---- Given information
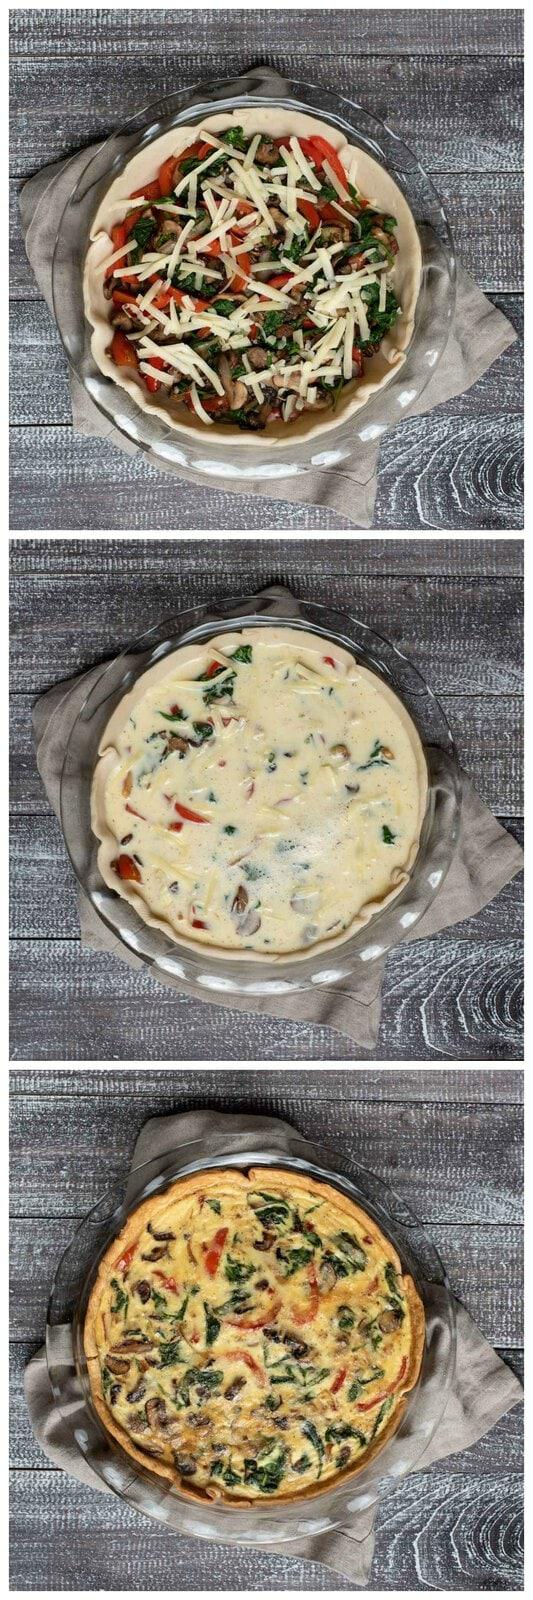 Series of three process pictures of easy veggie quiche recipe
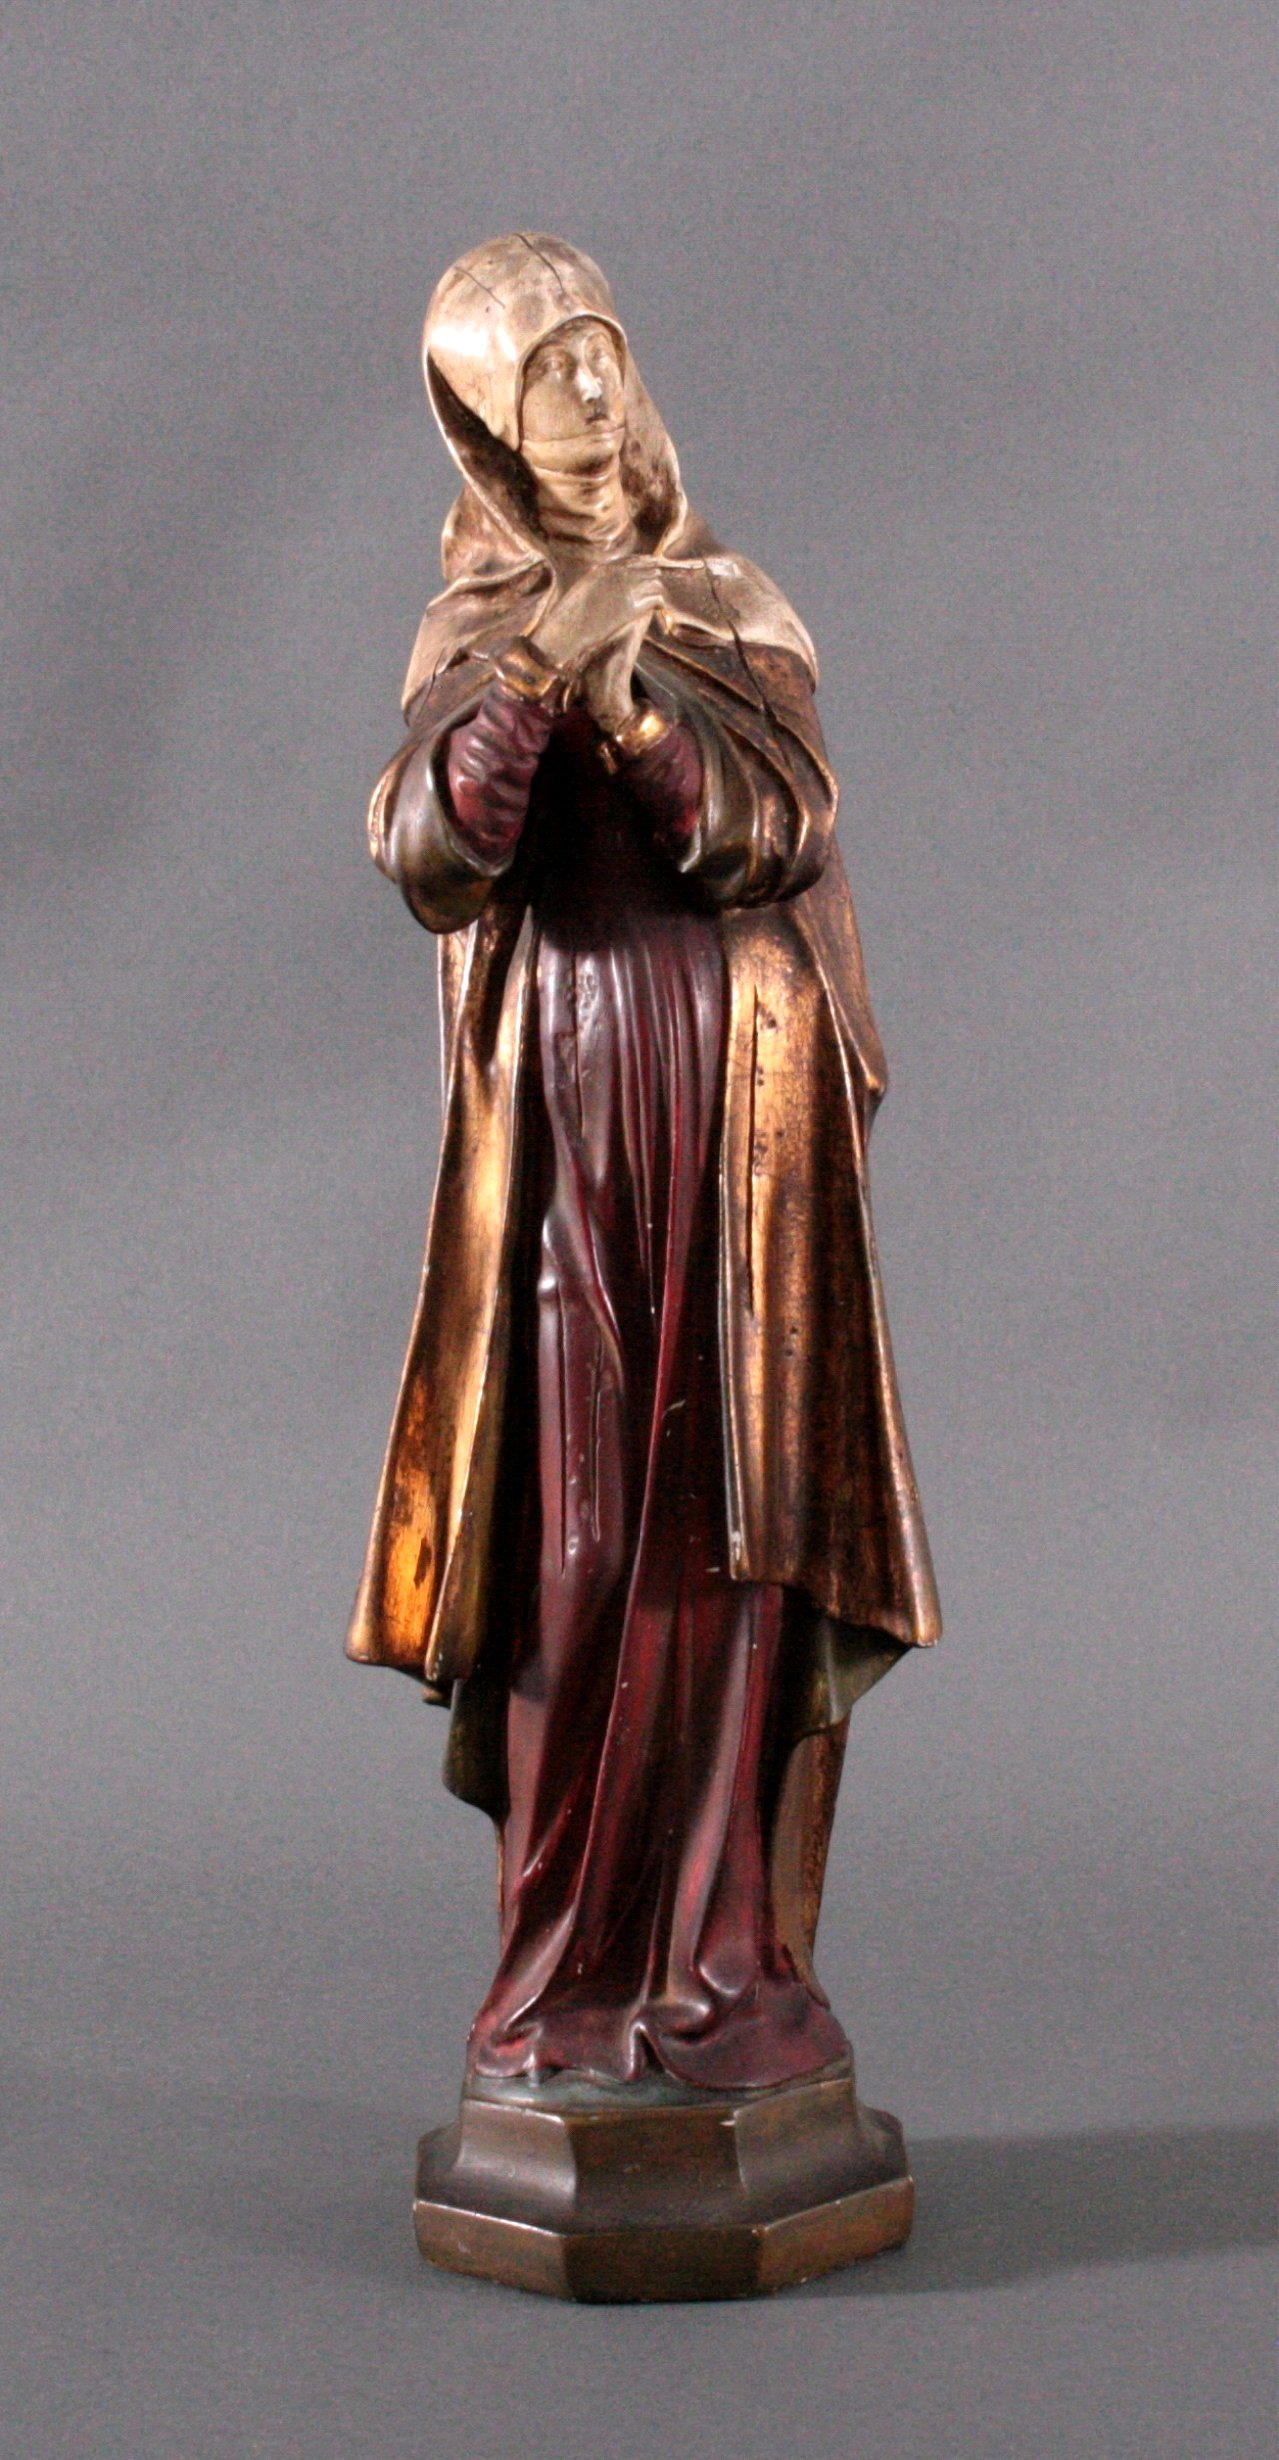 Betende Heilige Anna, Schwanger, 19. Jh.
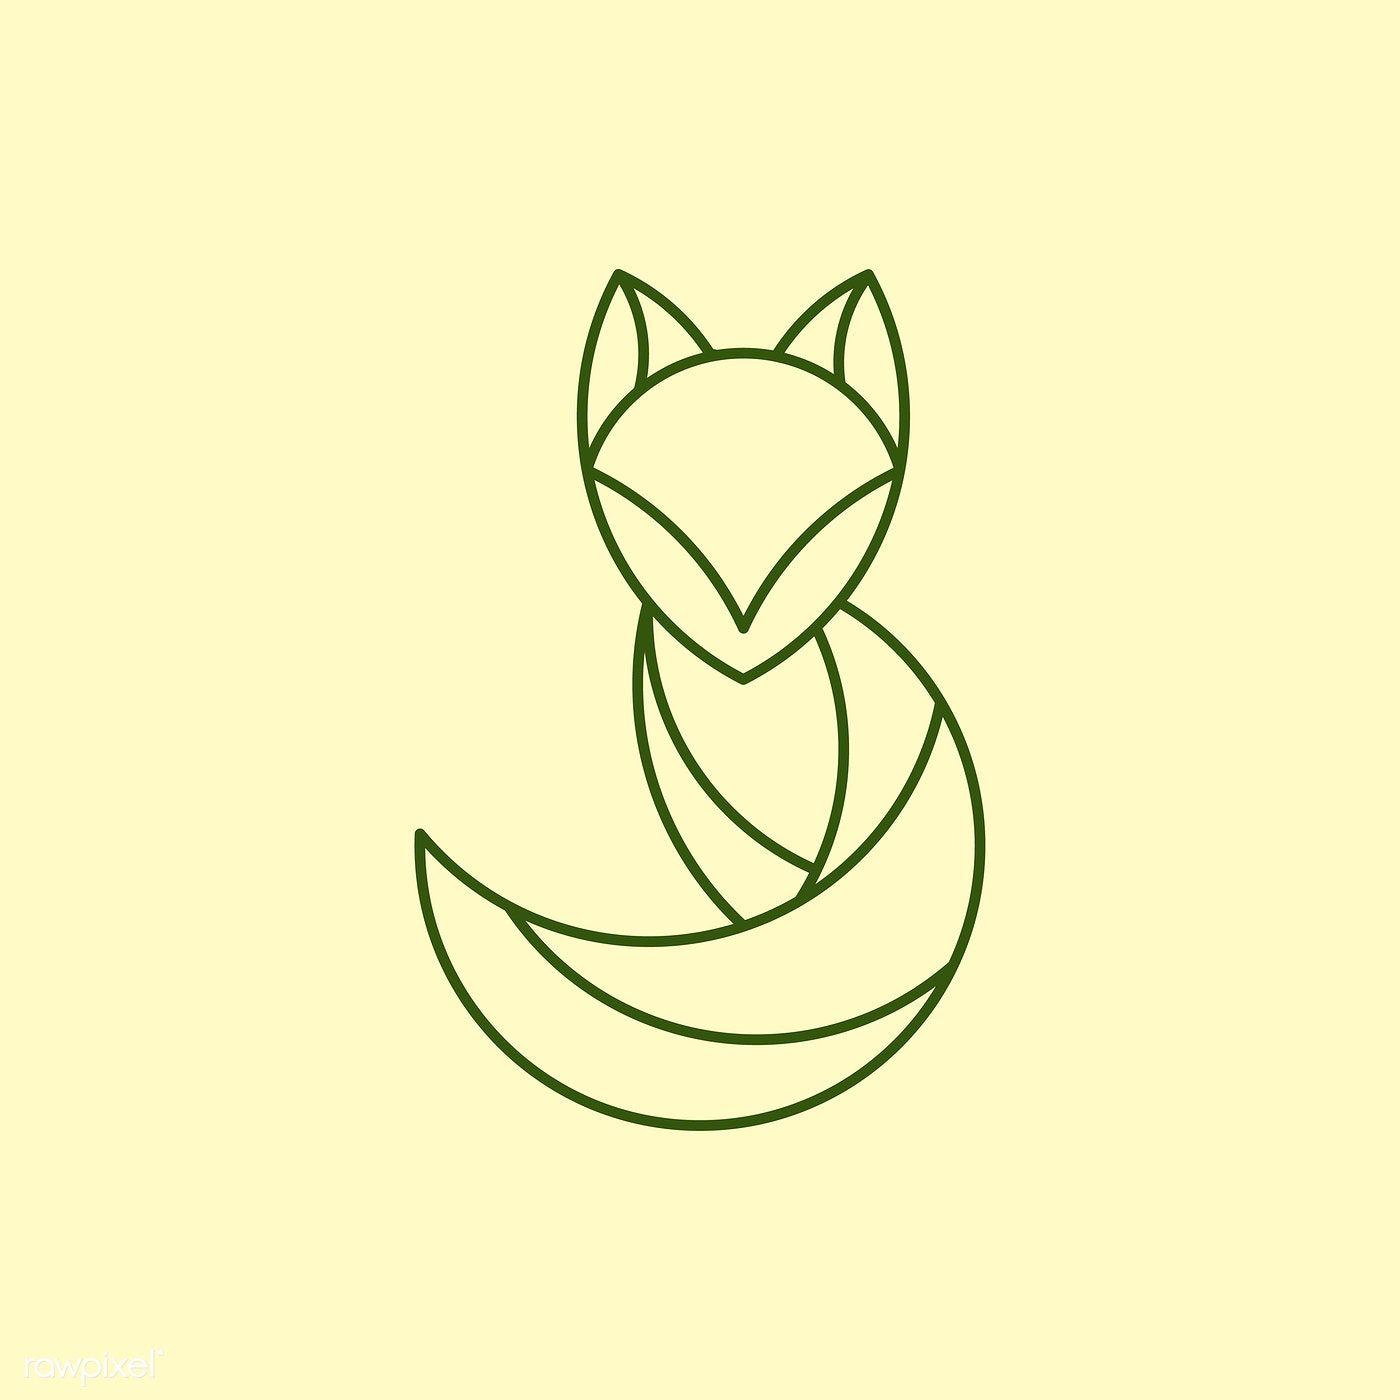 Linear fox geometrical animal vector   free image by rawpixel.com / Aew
--------
What is required :: This task calls for an exact copy of the data above, without pictures.

Exercise result ::
 Series of three process pictures of easy veggie quiche recipe
 Betende Heilige Anna, Schwanger, 19. Jh.
 Linear fox geometrical animal vector   free image by rawpixel.com / Aew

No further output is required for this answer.